--- Exercise details ---
Copy the lines running from the one that contains "mensile del Comune" to the end of the entries below, exactly and with no pictures.

Record extracts section start

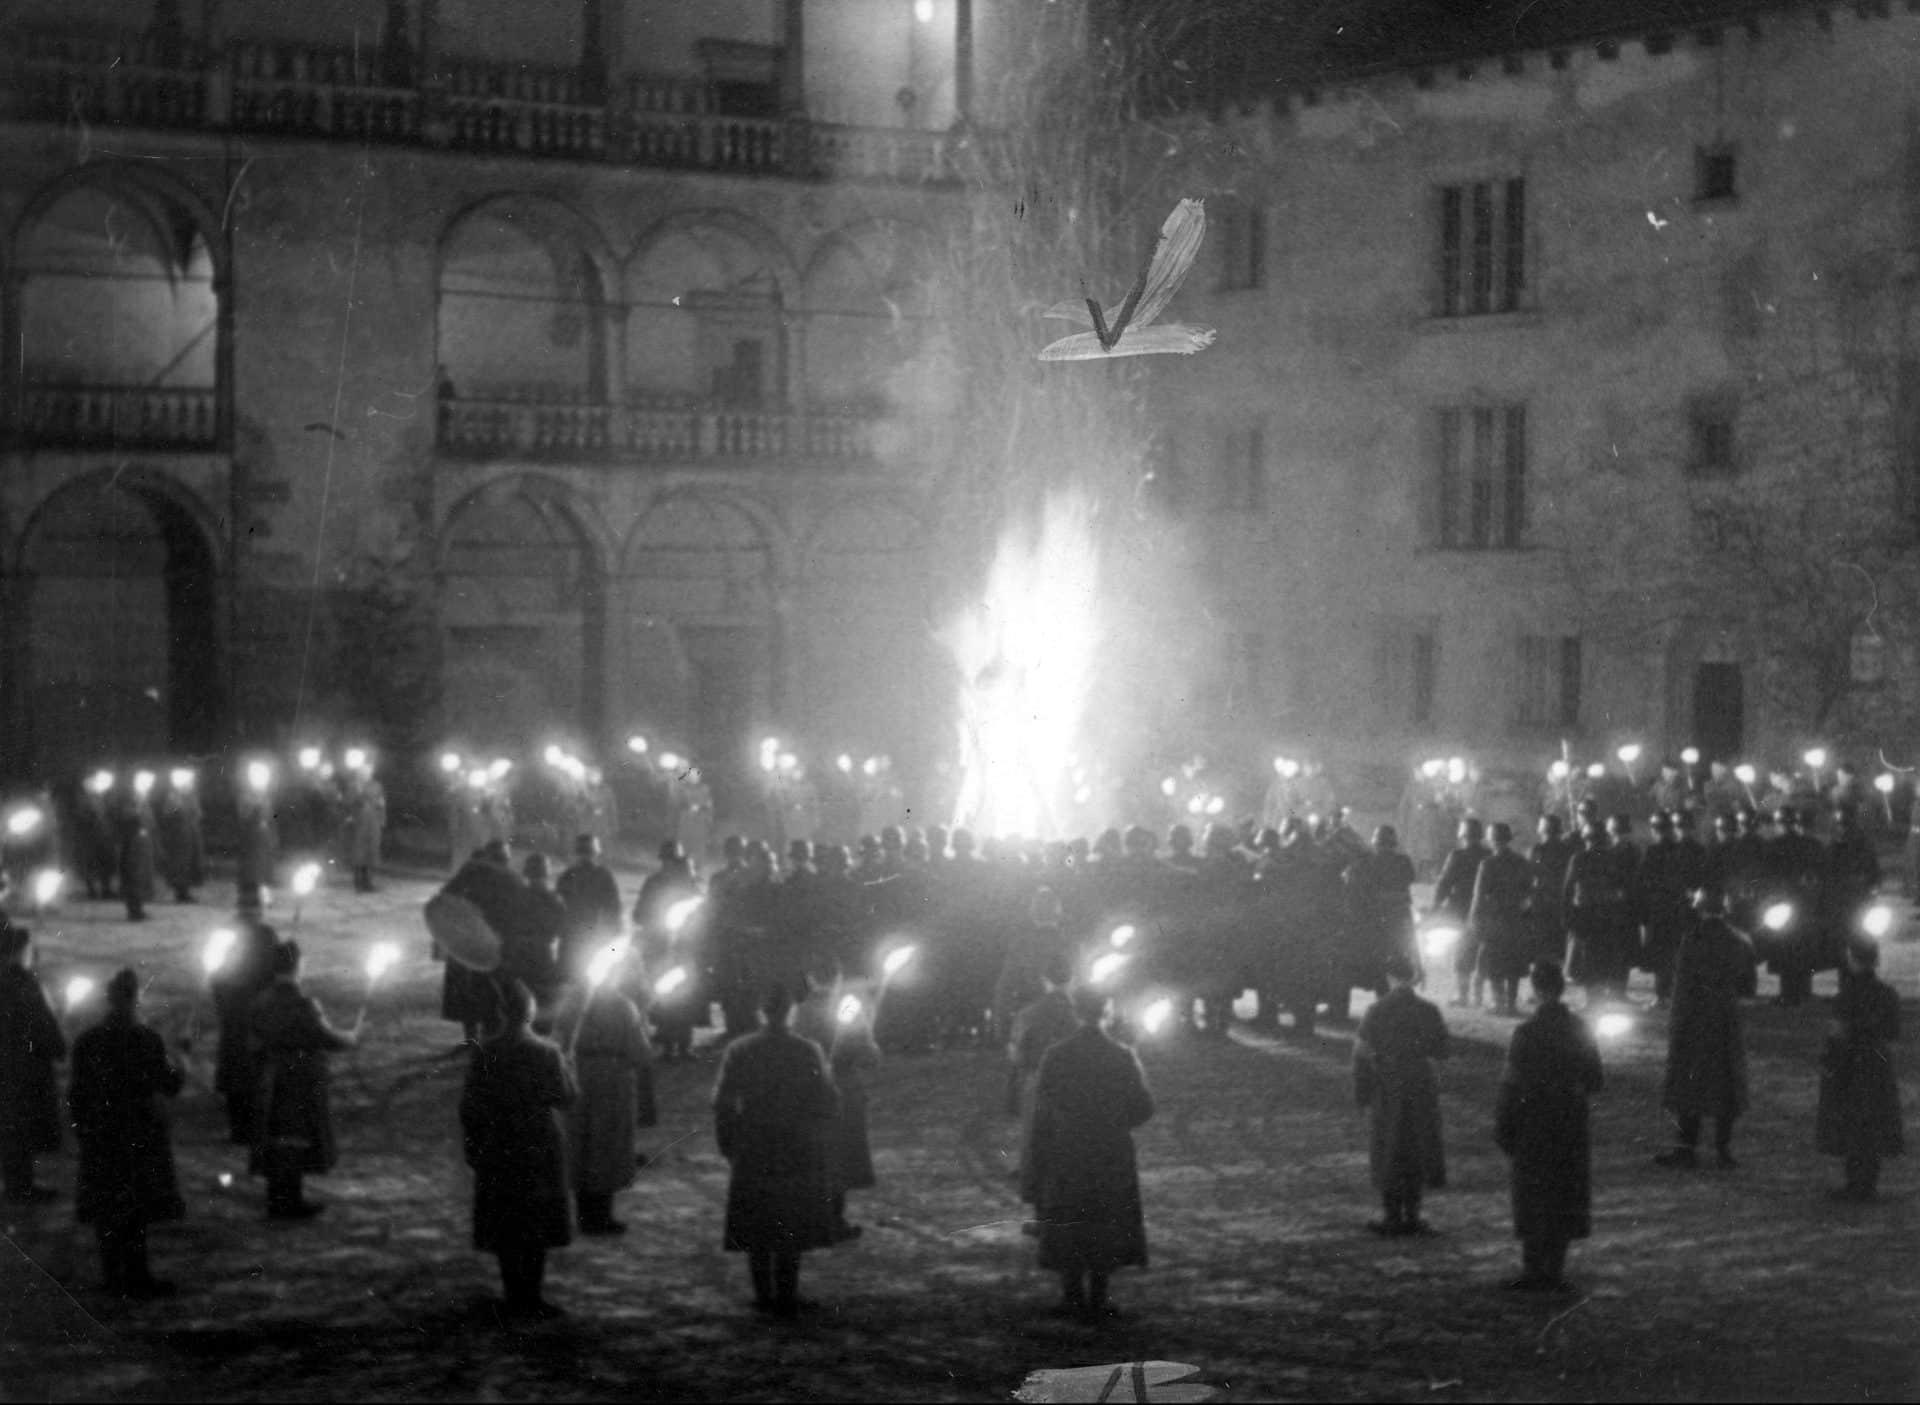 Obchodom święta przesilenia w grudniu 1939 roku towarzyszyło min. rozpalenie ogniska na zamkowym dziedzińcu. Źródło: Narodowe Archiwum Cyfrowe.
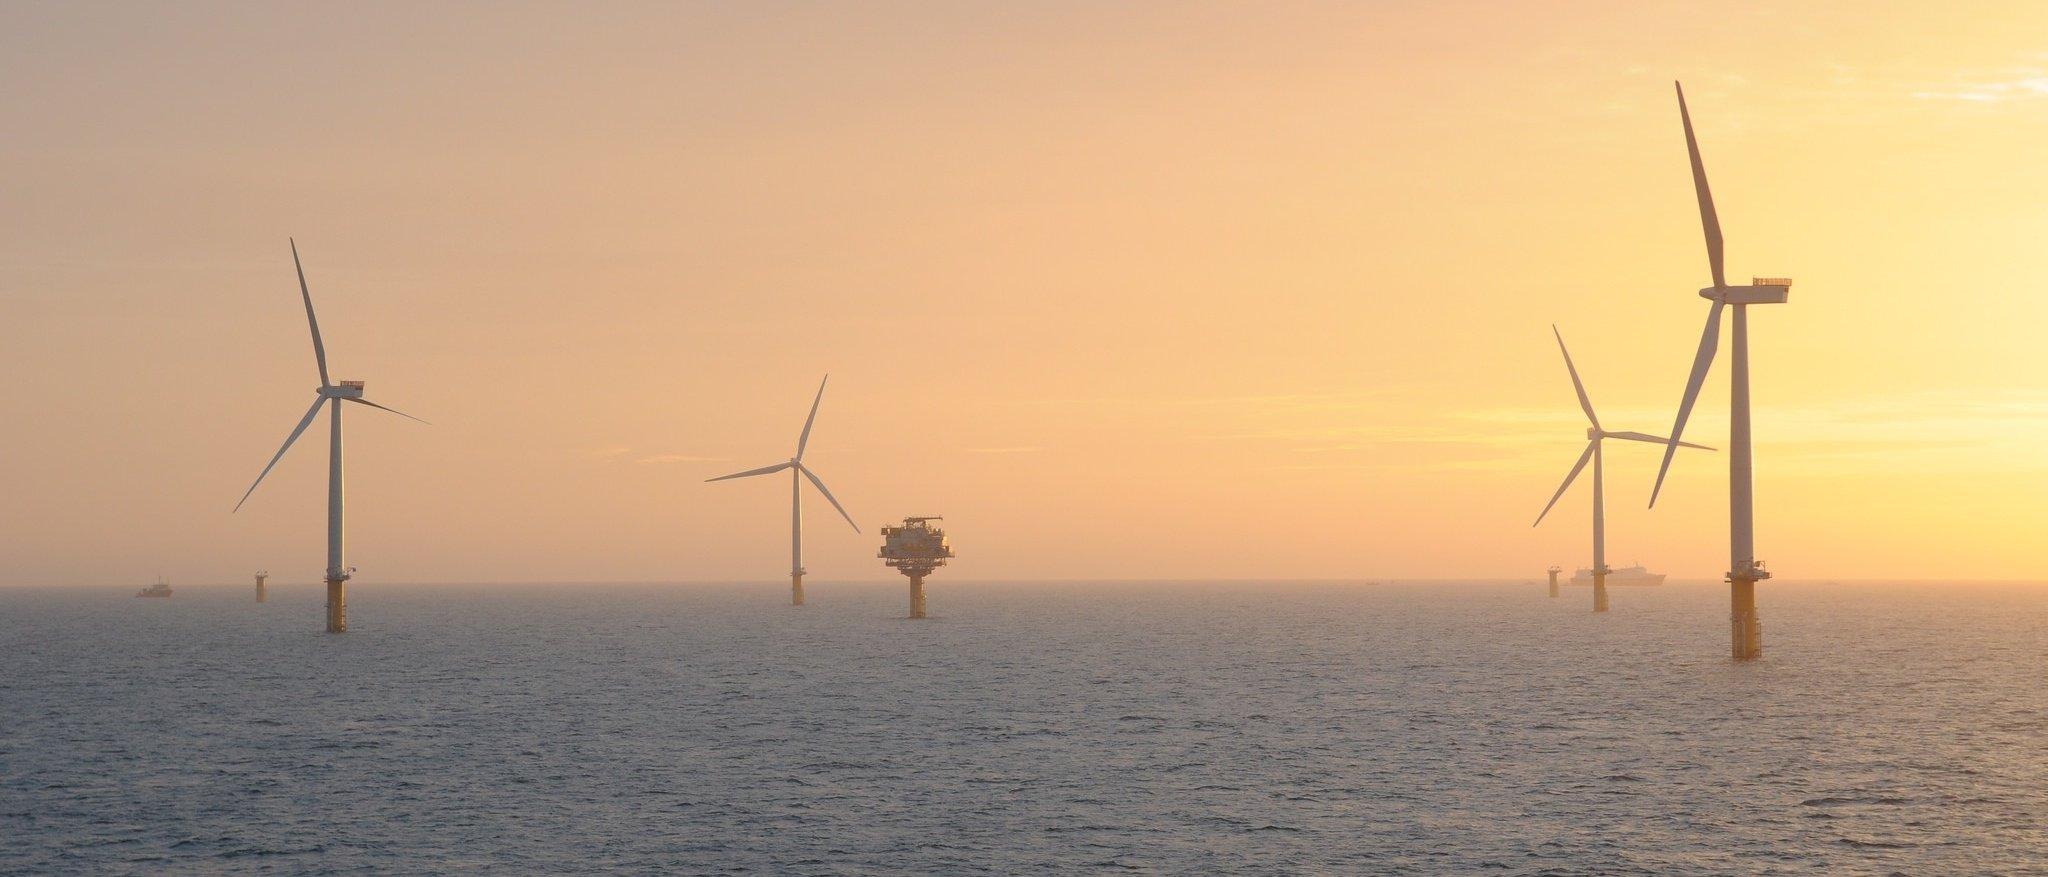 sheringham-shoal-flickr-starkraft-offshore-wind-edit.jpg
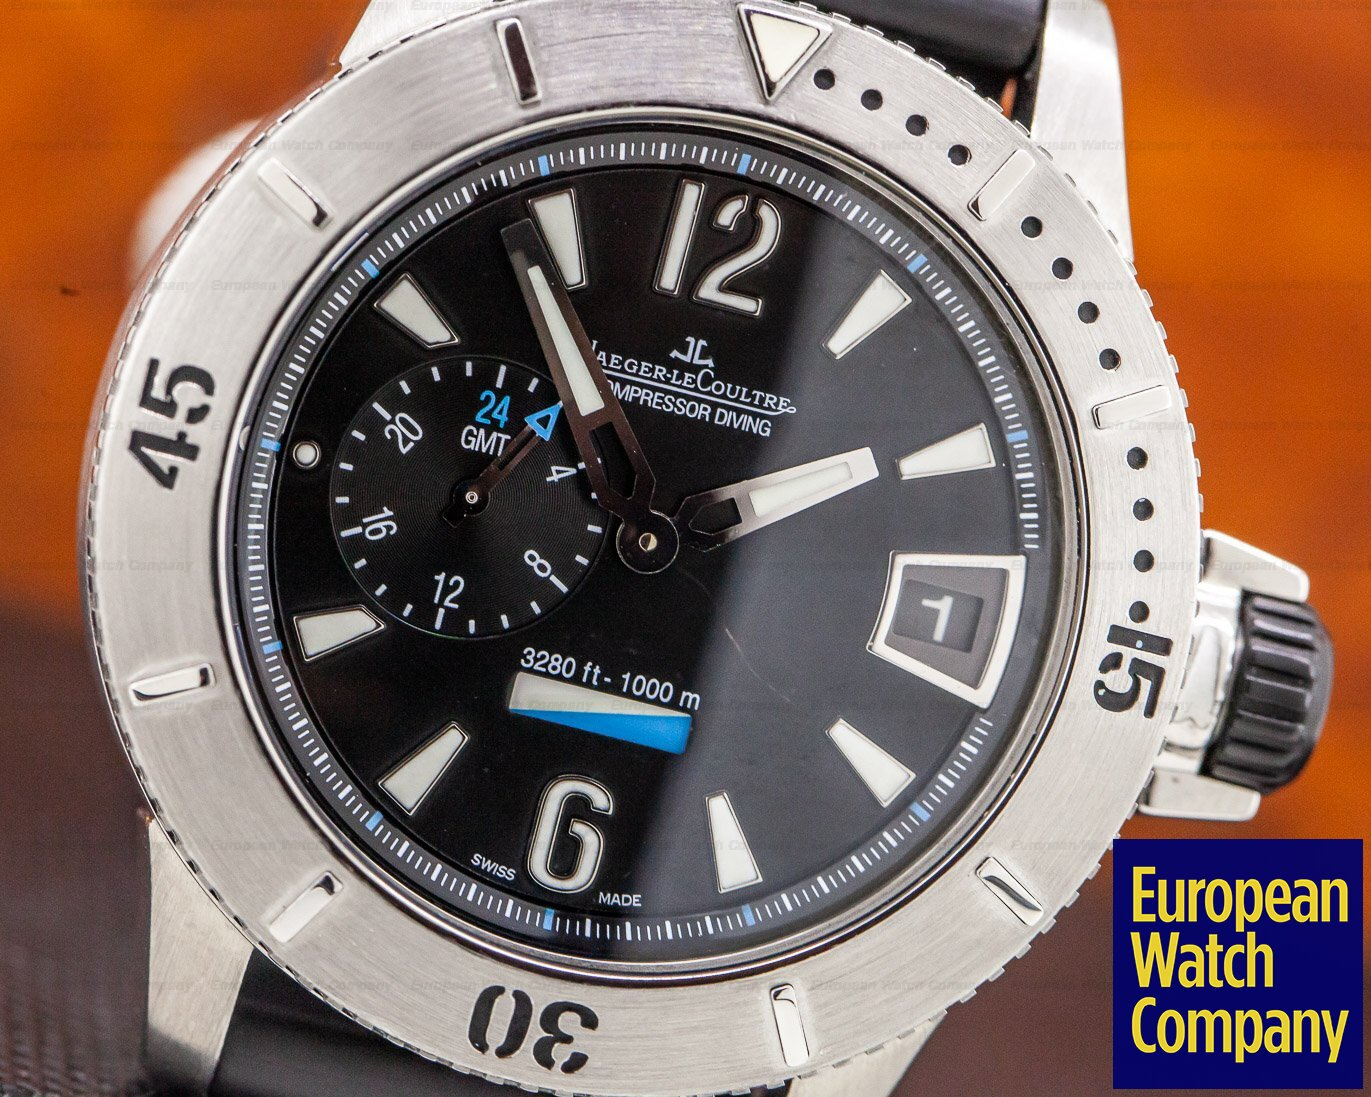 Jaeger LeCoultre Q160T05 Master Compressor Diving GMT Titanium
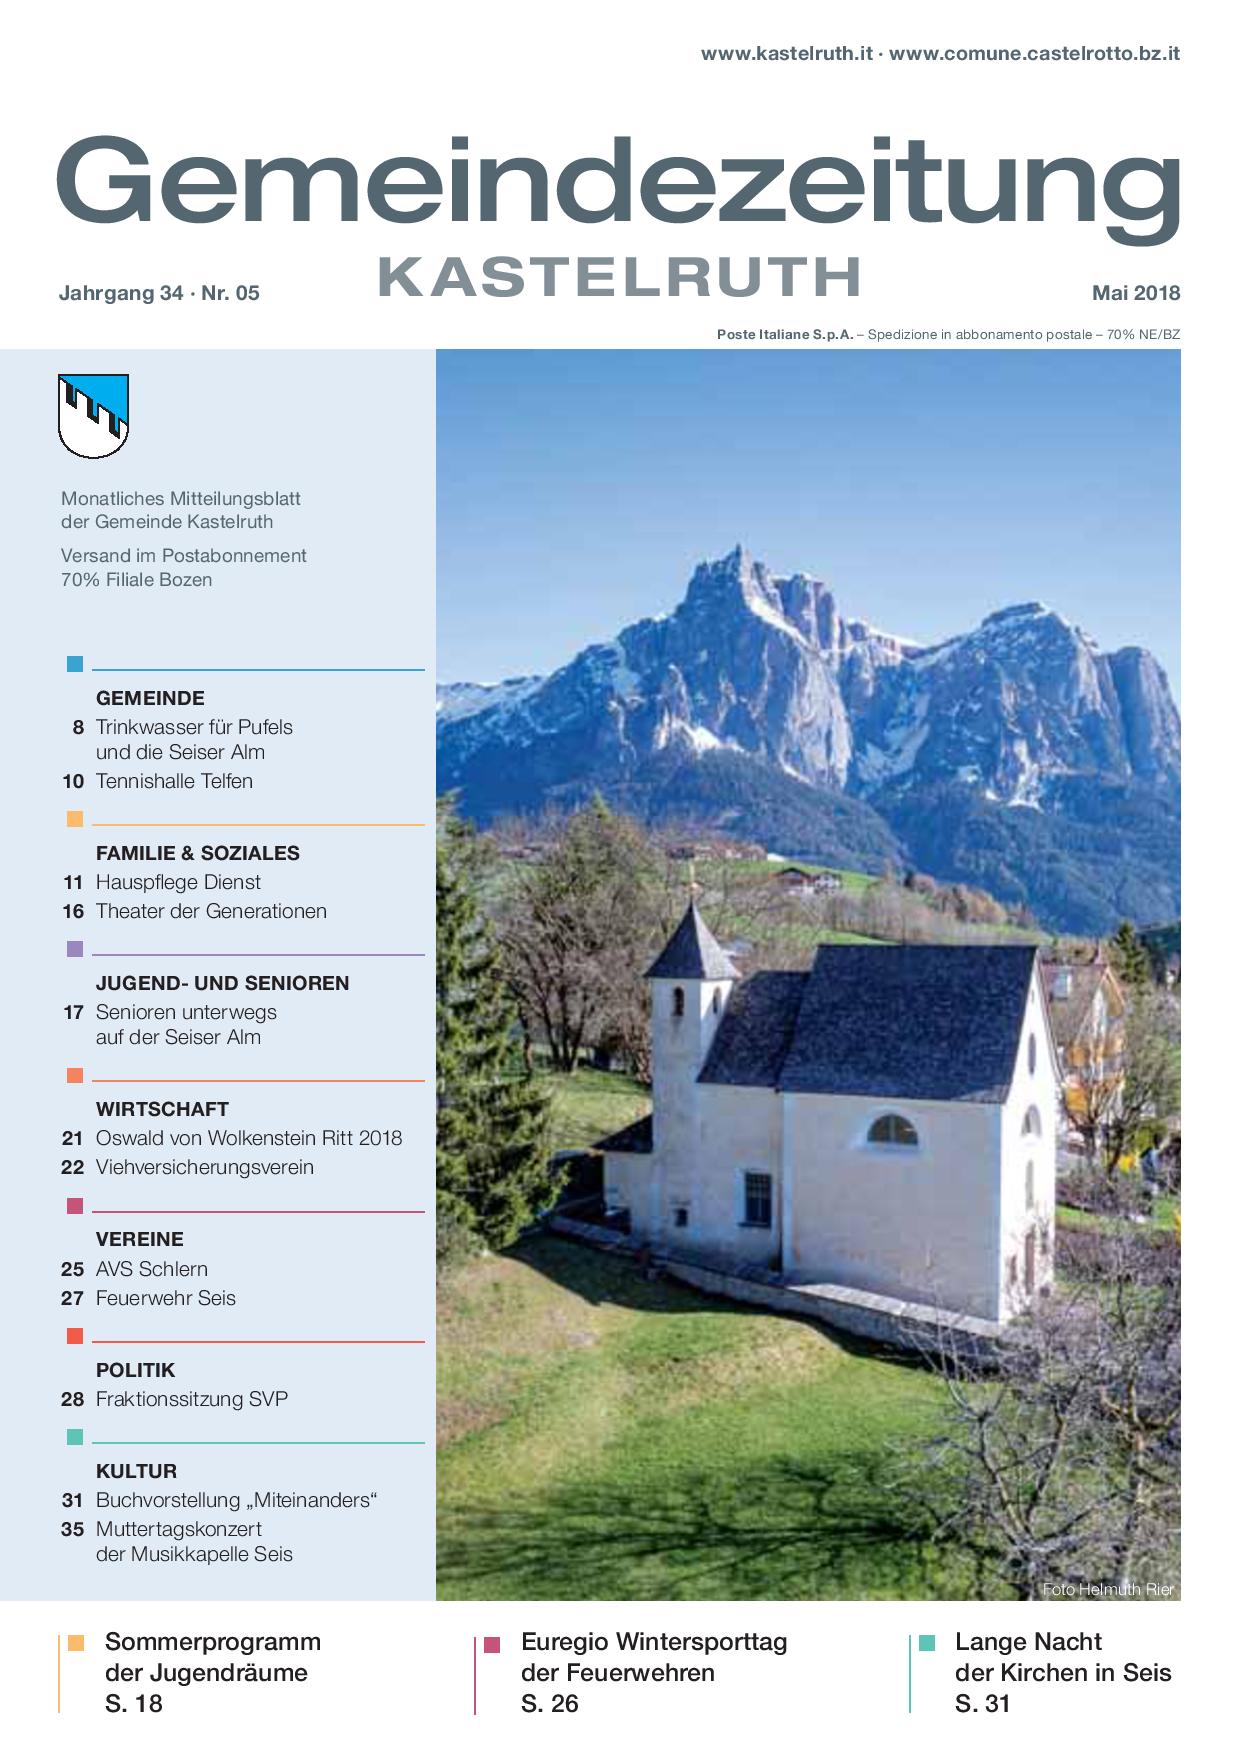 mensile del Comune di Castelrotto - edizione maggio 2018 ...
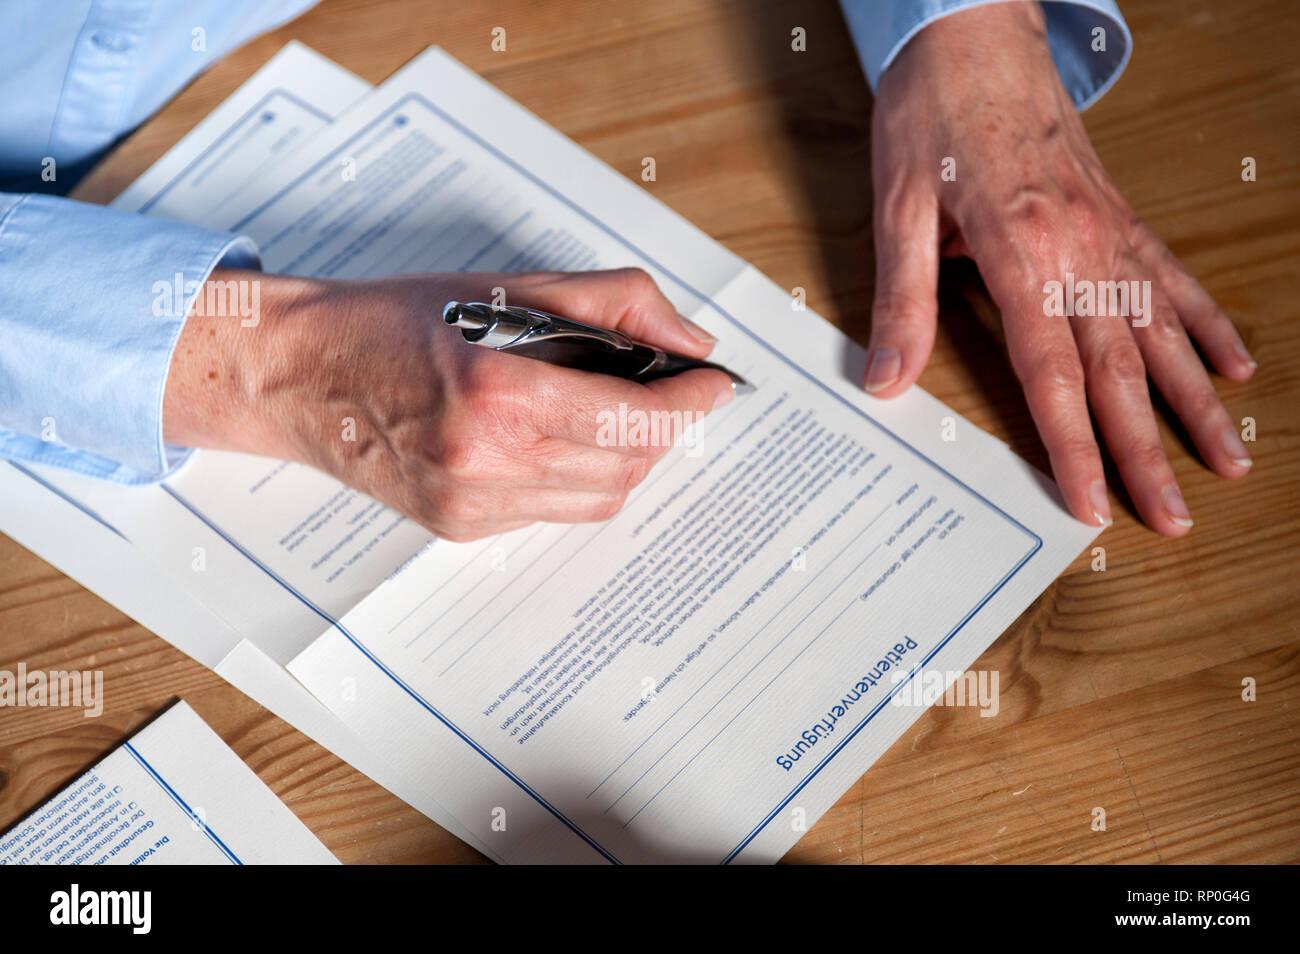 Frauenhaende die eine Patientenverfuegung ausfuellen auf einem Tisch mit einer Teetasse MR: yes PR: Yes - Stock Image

Record extracts section end

--- Task output ---
 mensile del Comune di Castelrotto - edizione maggio 2018 ...
 Frauenhaende die eine Patientenverfuegung ausfuellen auf einem Tisch mit einer Teetasse MR: yes PR: Yes - Stock Image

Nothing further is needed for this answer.